L'avocat, sa perruque de travers, était très nerveux.
– Vous avez vu comment ils m'ont fait sortir, profitant de l'absence du tribunal !... Je vous assure que, moi présent, j'aurais fait cracher à cette folle le morceau de savon qu'elle s'était mis dans la bouche ! Mais n'importe. Les exagérations mêmes de ces deux témoins me serviront dans ma plaidoirie !... Si seulement le père Kircher ne se faisait pas tellement attendre, j'aurais l'esprit en repos. Allons, venez vous asseoir à cette table près du feu, mesdames. J'ai commandé, à la petite bourrelle, des œufs et de l'andouillette. Tu n'y as pas mis au moins du jus de têtes de morts, bourrelle, ma jolie ?...

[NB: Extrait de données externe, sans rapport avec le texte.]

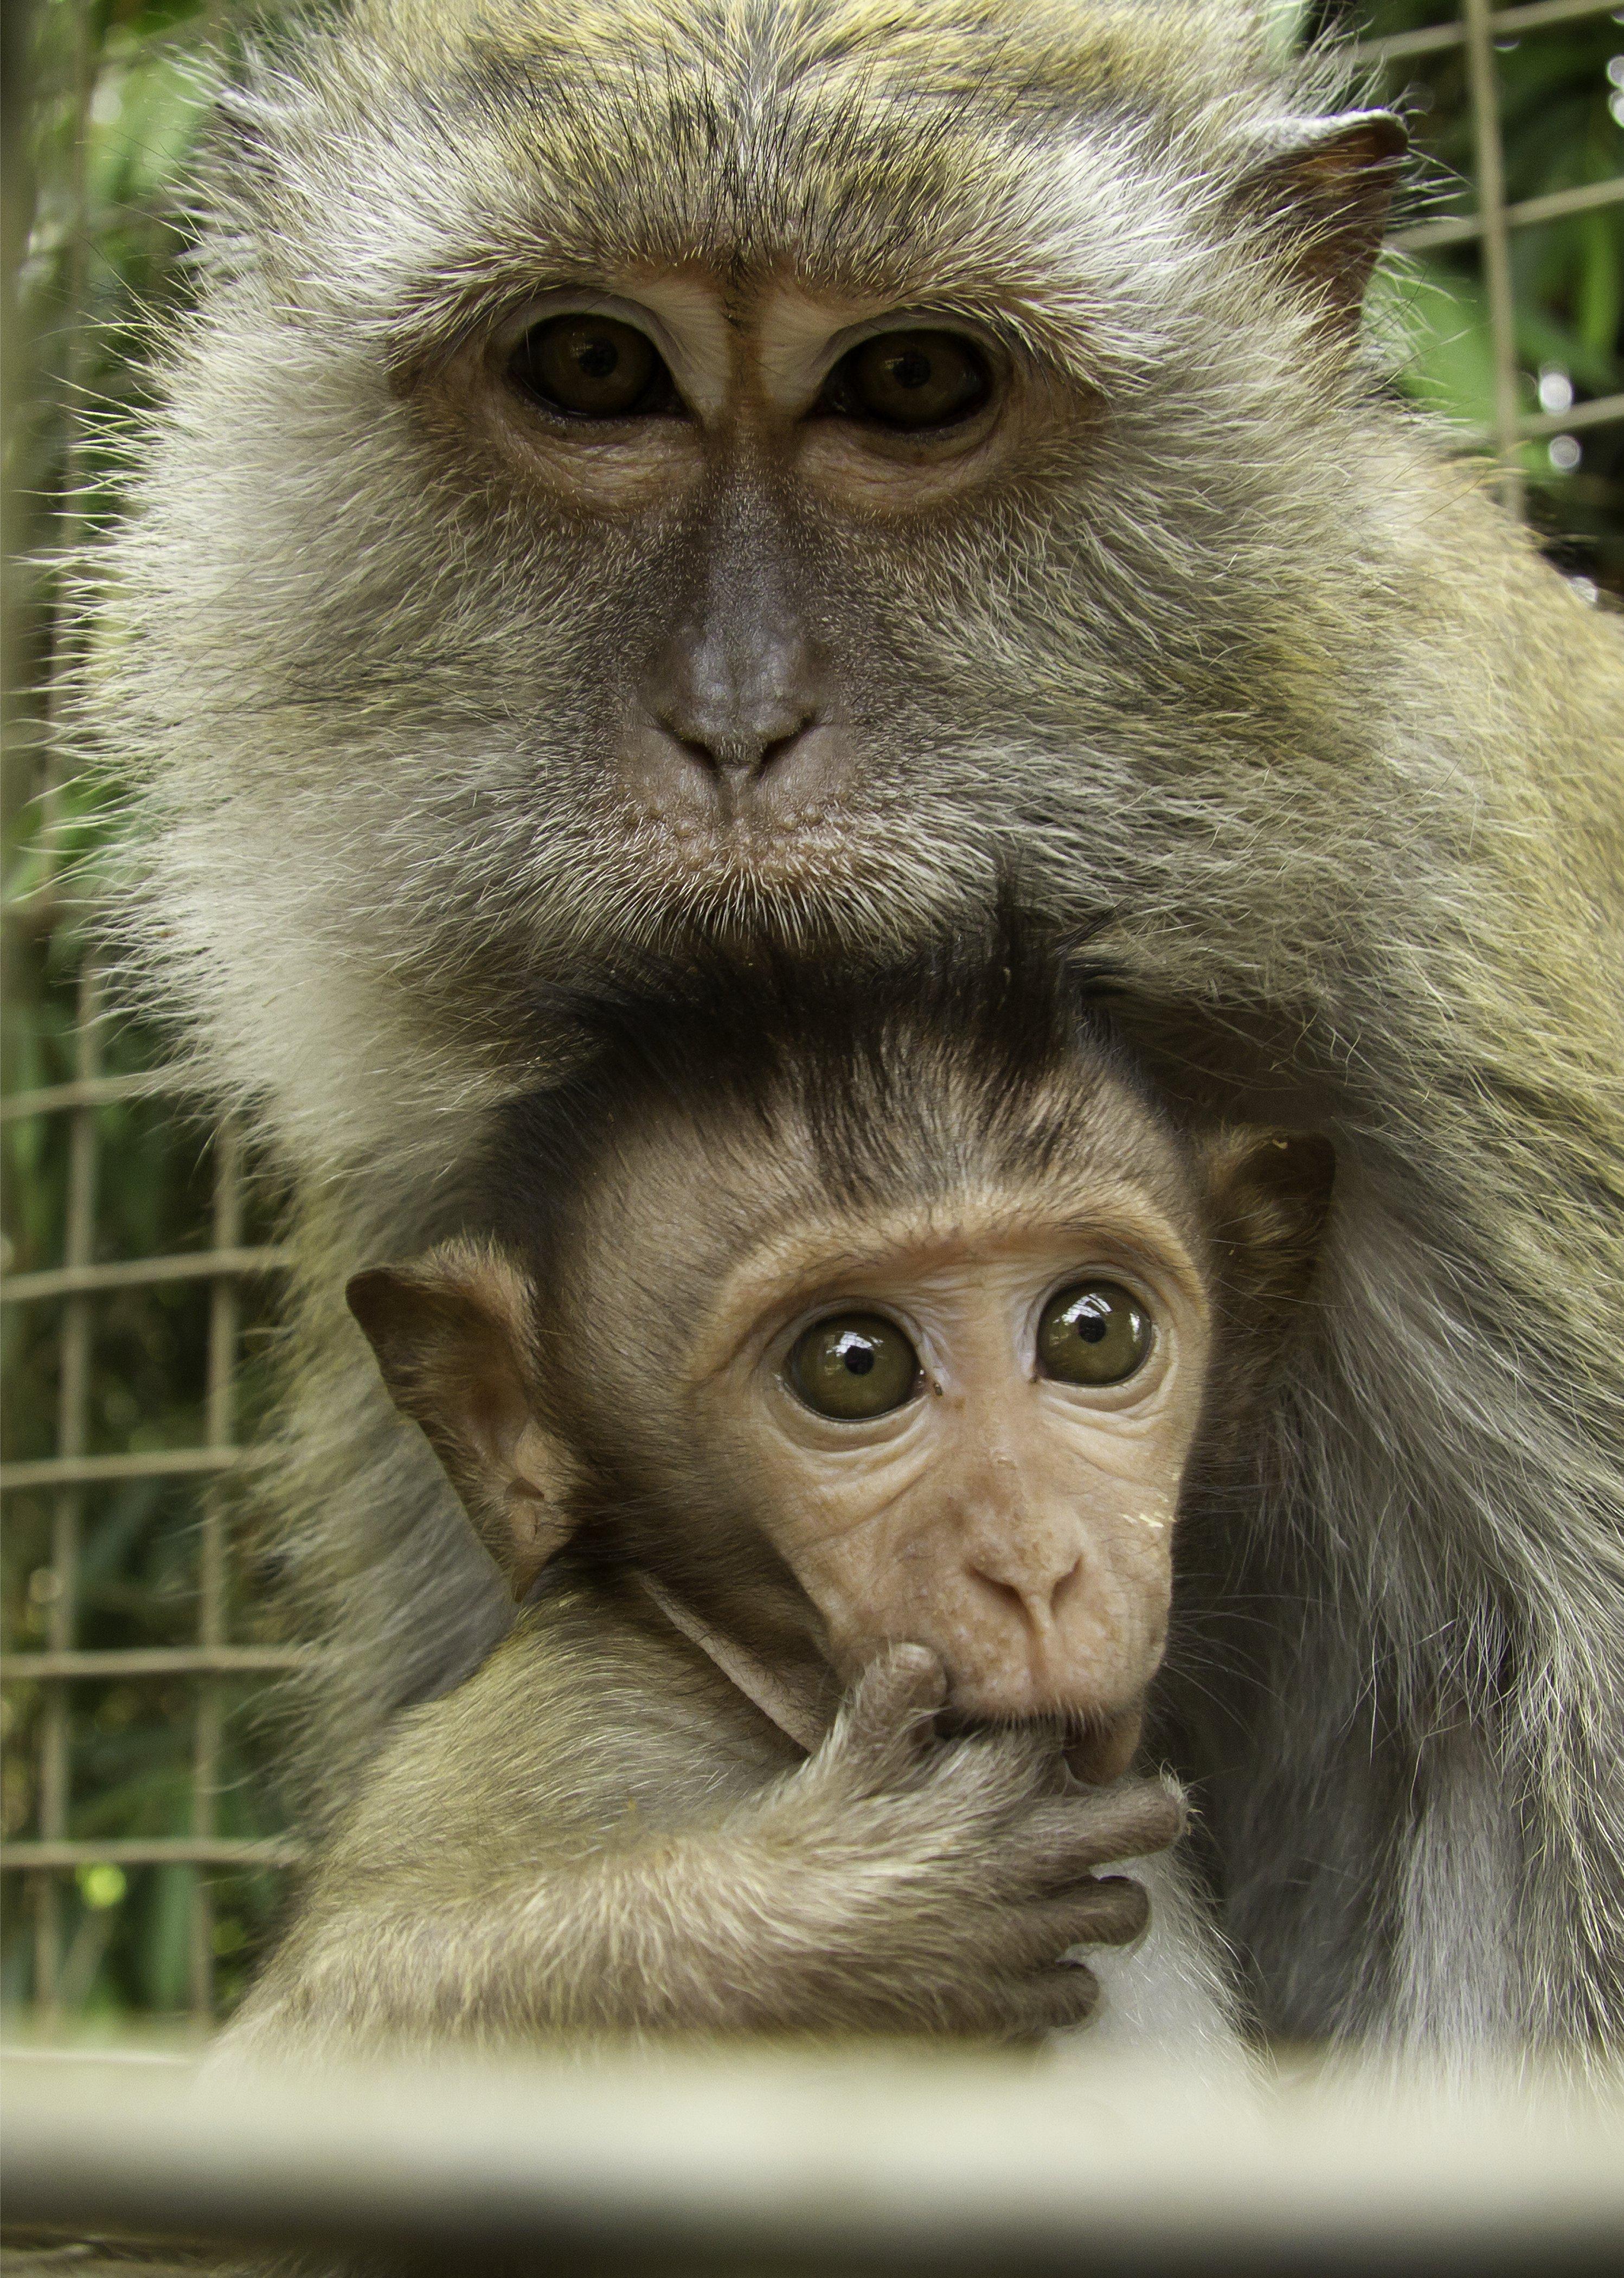 Macaque photo

– Non, monsieur, répondit gracieusement la jeune femme. On ne s'en sert que pour la soupe des pauvres.
*****
Angélique, les coudes sur la table, avait mis sa figure dans ses mains. Desgrez lui lançait des regards perplexes, croyant qu'elle pleurait. Mais il s'aperçut qu'elle était secouée par un rire nerveux.
– Oh ! cette Carmencita ! balbutia-t-elle, les yeux brillant de larmes contenues. Quelle comédienne ! Je n'ai jamais rien vu d'aussi drôle ! Croyez-vous qu'elle l'ait fait exprès ?
– Sait-on jamais avec les femmes ! bougonna l'avocat.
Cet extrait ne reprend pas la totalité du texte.